Daniel B. answered • 06/14/21
A retired computer professional to teach math, physics
I am not able to provide a picture, so please try to draw the situation.
Let
A be the point where the ladder touches the ground,
B be the point where the ladder touches the wall,
C be the point where the wall touches the ground,
x be the distance AC (along the ground),
y be the distance BC (along the wall).
We are given
L = 20 m is the length of the ladder, i.e., the distance AB,
the angle ACB = 180° - 60° = 120°,
dx/dt = -1 m/s
(Note that dx/dt is negative because x is shrinking.)

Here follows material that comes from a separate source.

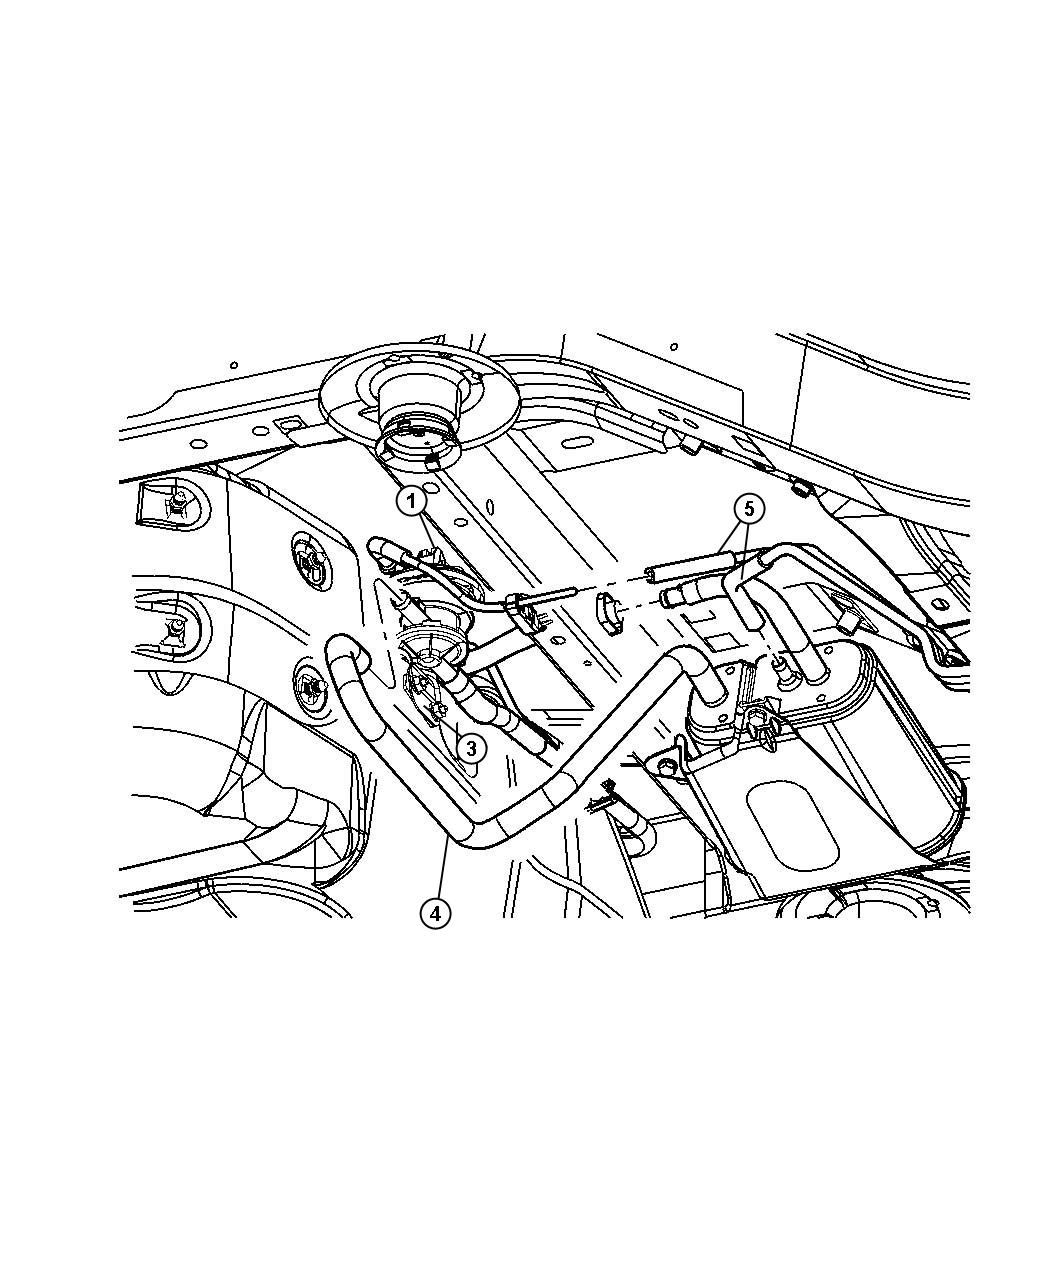 Jeep Liberty Leak Detection Pump 3 7l All V6 Engines

We are to calculate dy/dt.
By the cosine theorem
L² = x² + y² - 2xycos(120°)
Using cos(120°) = -1/2
L² = x² + y² + xy (1)
Differentiating (1) with respect to time
0 = 2xdx/dt + 2ydy/dt + xdy/dt + ydx/dt
Substituting the give dx/dt = -1 into the above
0 = -2x + 2ydy/dt + xdy/dt - y
Expressing dy/dt from the above
dy/dt = (2x + y)/(x + 2y) (2)
We are to calculate dy/dt when x = 4m.
For that we first need to calculate y when x = 4m.
We do that from (1)
20² = 4² + y² + 4y
This is a quadratic equation to be solved
y² + 4y - 384 = 0
y = (-4 ±√(4² + 4×384))/2 = ±√388 - 2
Of the two solutions only √388 - 2 is physically feasible.
Now we can substitute the known x and y into (2)
dy/dt = (2×4 + √388 - 2)/(4 + 2(√388 - 2)) = 0.62 m/s